Use the PHP function ereg() and just specify the pattern (the word you want to match that constitutes the actual regexp) and the string you want to match it against. It returns True if the pattern match was successful (in this case, on finding the character sequence "vote" in the string held by $words) and False if it wasn't.


You can also specify a third argument in ereg(): the name of an array, which is used to store successfully, matched expressions.

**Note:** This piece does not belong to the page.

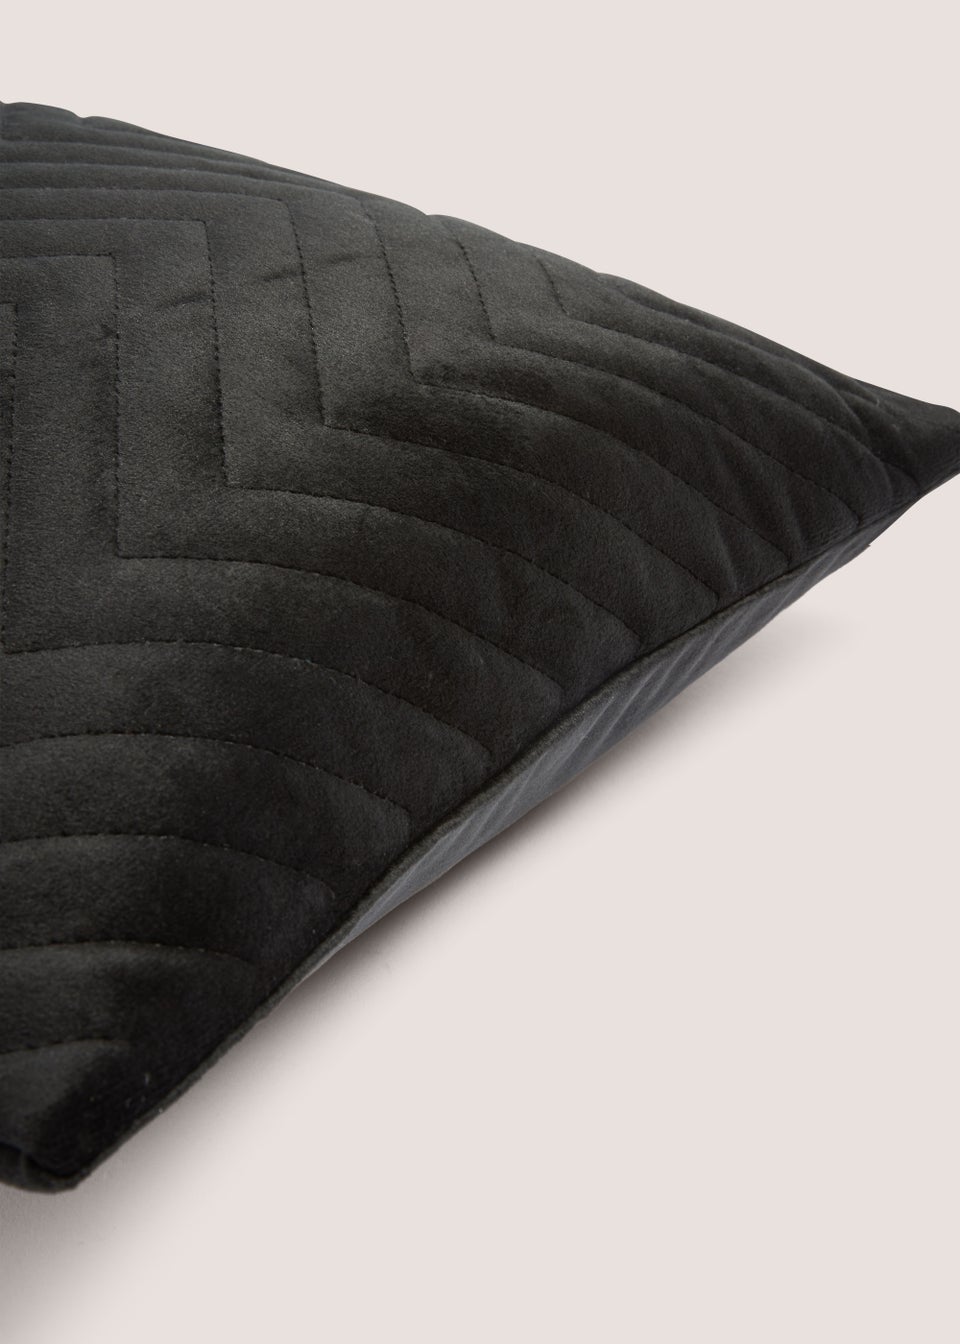 Black Velvet Quilted Cushion (30cm x 50cm)

Here's the preceding example modified to make use of it like this:


<?php
$words = "you, should, vote, happily";
if (ereg("vote", $words, $reg)) echo "Found string '$reg[0]'";
?>

Literal text written as a string is the simplest regular expression of all to look for, but you don't have to search for just the one word—you could look for any particular phrase. 


However, all the characters you're searching for must match exactly—words (with correct capitalization), numbers, punctuation, and even whitespace:


<?php
$words = "Vote twice or more if you can.";
if (ereg("twice if", $words, $reg)) echo "Found string '$reg[0]'";
?>
This string won't match, because it's not an exact match. Similarly, spaces inside the pattern are significant:


<?php
$words1 = "The bigdog is in the pound...";
$words2 = "...but the dog is in the cornfield";
$regexp = " dog";
if (ereg($regexp, $words1, $reg)) echo "Found string '$reg[0]'";
if (ereg($regexp, $words2, $reg)) echo "Found string '$reg[0]'";
?>

This finds only the second dog because both ereg() calls are specifically looking for a space followed by the three letters "d", "o", and "g".